CTB: 'Corpora, Text Editions and Sources'
CTB was founded in 2000 under the name Centrum voor Teksteditie en Bronnenstudie (Centre for Scholarly Editing and Document Studies). In 2025, a new interpretation was given to the acronym, based on the Dutch words describing three main pillars of our work: Corpora, Text editions and Sources. CTB is the department for digital documentation of the Royal Academy of Dutch Language and Literature (KANTL). CTB conducts fundamental and applied scientific research in the disciplines of scholarly editing, text editing, dialectology, and historical corpus research. Special attention is given to the use of digital technology in linguistic research. In this field, CTB is a unique institution in Belgium and the Low Countries as well as an international front-runner.
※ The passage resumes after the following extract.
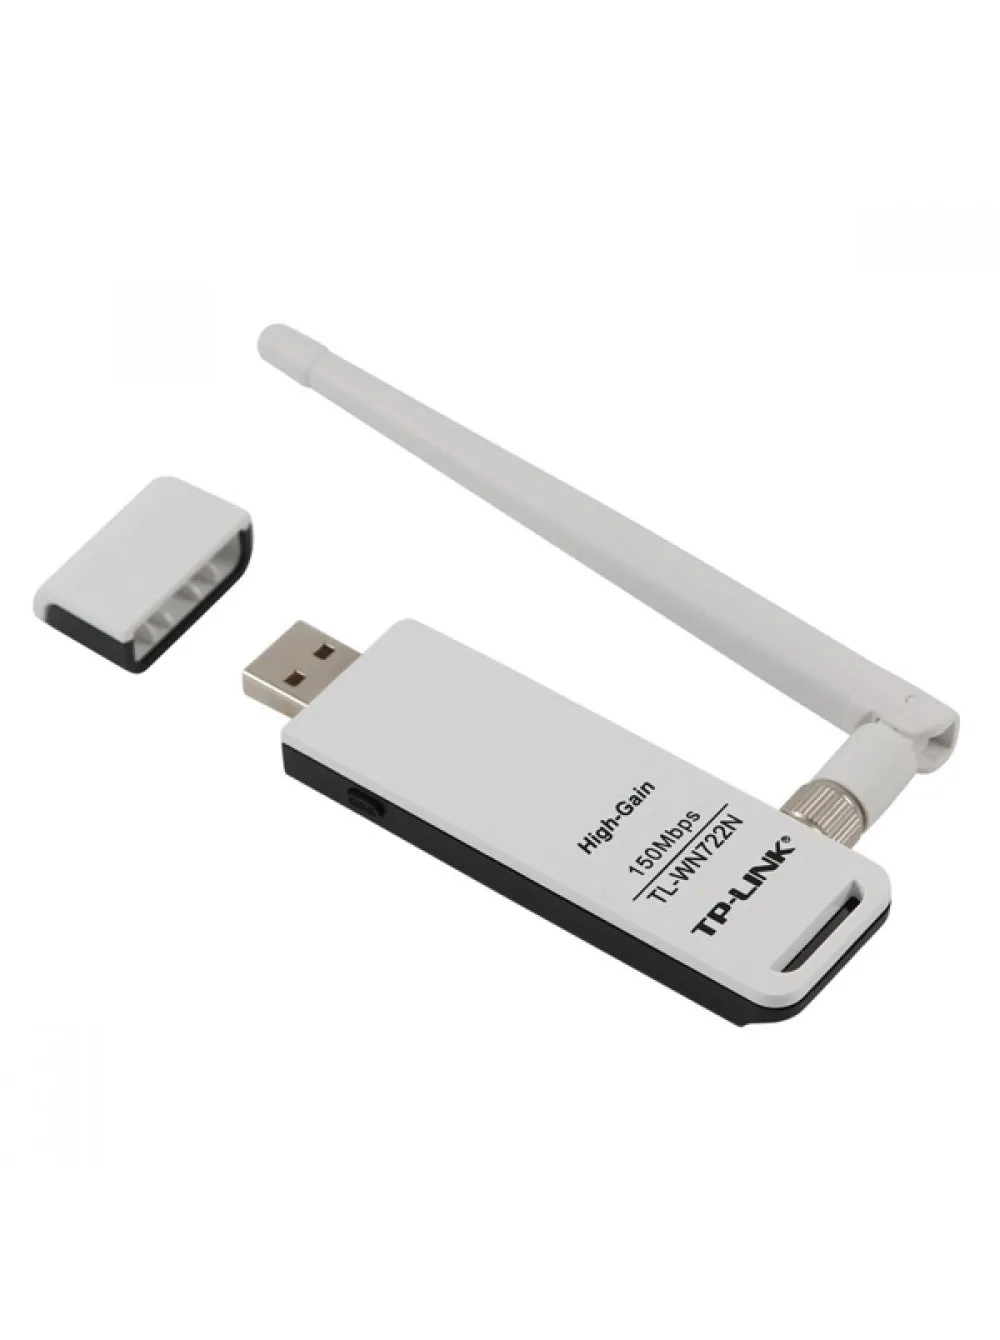 WiFi адаптер TL-WN722N High Gain Wireless N USB Adapter, Atheros, 1T1R, 2.4GHz, 802.11n/g/b, 1 detachable antenna#2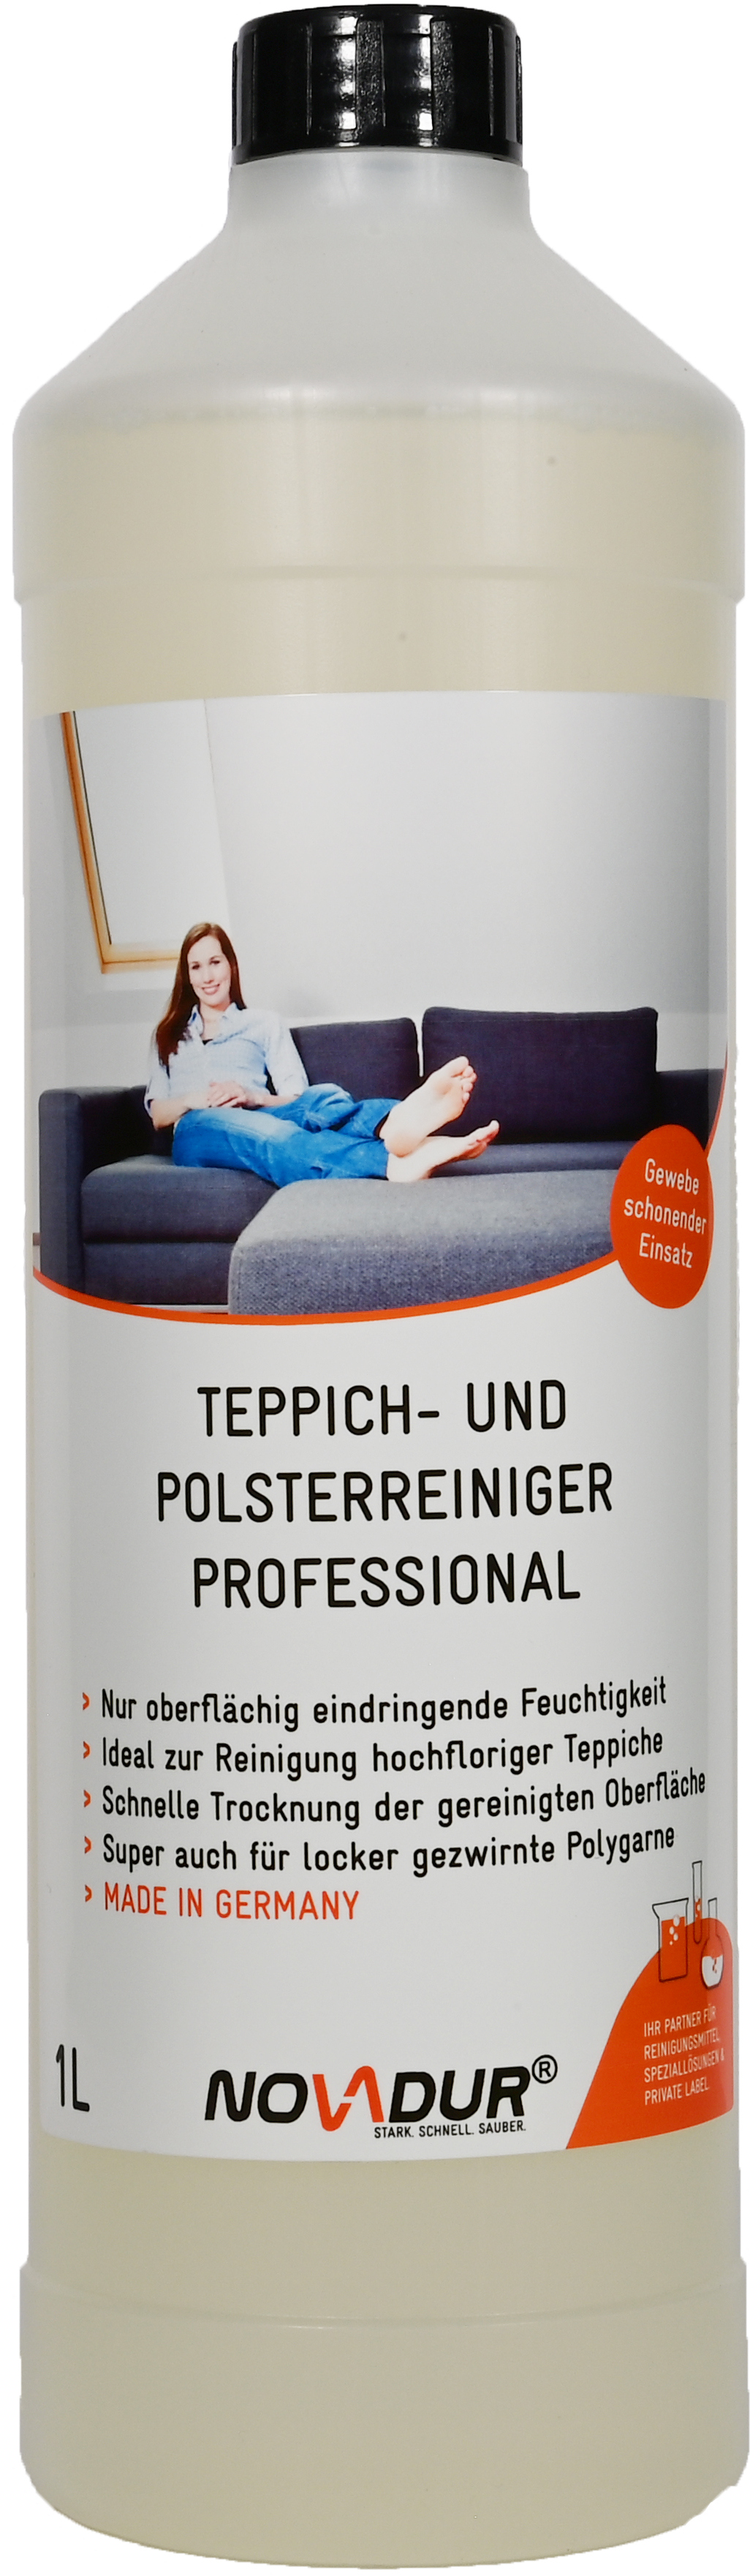 Teppich- & Polsterreiniger Professional

Over the years, CTB has developed into the centre of expertise in Flanders in the field of scholarly editing. It has become an internationally respected pioneer in the innovative and advanced use of ICT and text technology in linguistic and literary research.
Main activities
A major component is the DALF project – Digital Archive of Letters in Flanders – which develops a theoretical and technical framework based on XML (eXtensible Markup Language) and TEI (Text Encoding Initiative) for the construction of a corpus of encoded descriptions and transcriptions of letters, with a strong focus on the correspondence of Flemish authors from the nineteenth and twentieth centuries. From this textual database, annotated reading and scholarly editions can easily be generated (online or in print) of the archived correspondence. These provide linguists and literary scholars as well as historians and other researchers with important data on the lives and work of the correspondents, and on the literary, political and historical climate in which they operated. At the same time, (socio-)linguists, historical linguists, linguistic geographers, and scholars engaged in diachronic and synchronic research can generate rich datasets from the textual database. Such a corpus can serve as the basis for (comparative) stylistic research, statistical analysis, and lexicology. Central to this is the document architecture and the consistent encoding of the corpus guaranteed by the DALF DTD. Wherever possible, the correspondence is also digitised and stored as image files with the necessary metadata to optimally guarantee preservation, accessibility, and interoperability. In this way, CTB contributes to the digitisation of cultural heritage and works in a complementary and constructive manner with the various (literary), public and private archives that often lack the required expertise. The DALF Guidelines for the Description and Encoding of Modern Correspondence Material, developed within the DALF project, are used, among others, for the encoding and publication of correspondence in various institutions, institutes, and research centres.
In addition to letter editions, CTB focuses on uncovering the genealogical process of poetry and prose. A fine-grained annotation and typology of corrections and variants between manuscript, typescript, proofs, and successive editions make it possible to present these variants in a clear and accessible way in a digital variant edition. Here too, we emphasise the maximum accessibility of digitised source material through the advanced use of metadata standards in imaging technology, such as IIIF (International Image Interoperability Framework). This open set of standards makes it possible to enrich and share digital images via metadata.
Finally, through the creation and enrichment of digital linguistic corpora, CTB fulfils an important objective of KANTL: the preservation and accessibility of Flemish linguistic heritage.
A new beginning for CTB
Following the renewed activity of CTB in 2024–2025 and the accompanying name change (Corpora, Text Editions and Sources), the digital documentation department of KANTL aims to build further on the expertise acquired in the past. Existing digital resources have been enhanced and made sustainable; we are making steady progress on the publication of more than 8,000 letters from the Gezelle Archive; an extensive variant edition of Elias of het gevecht met de nachtegalen by Maurice Gilliams has been published; and new prose variant editions are in preparation. In the future, CTB also intends to continue its commitment to the preservation and accessibility of linguistic sources through the publication of bibliographies and linguistic databases, and by reporting research results on language and literature in collaboration with partner organisations.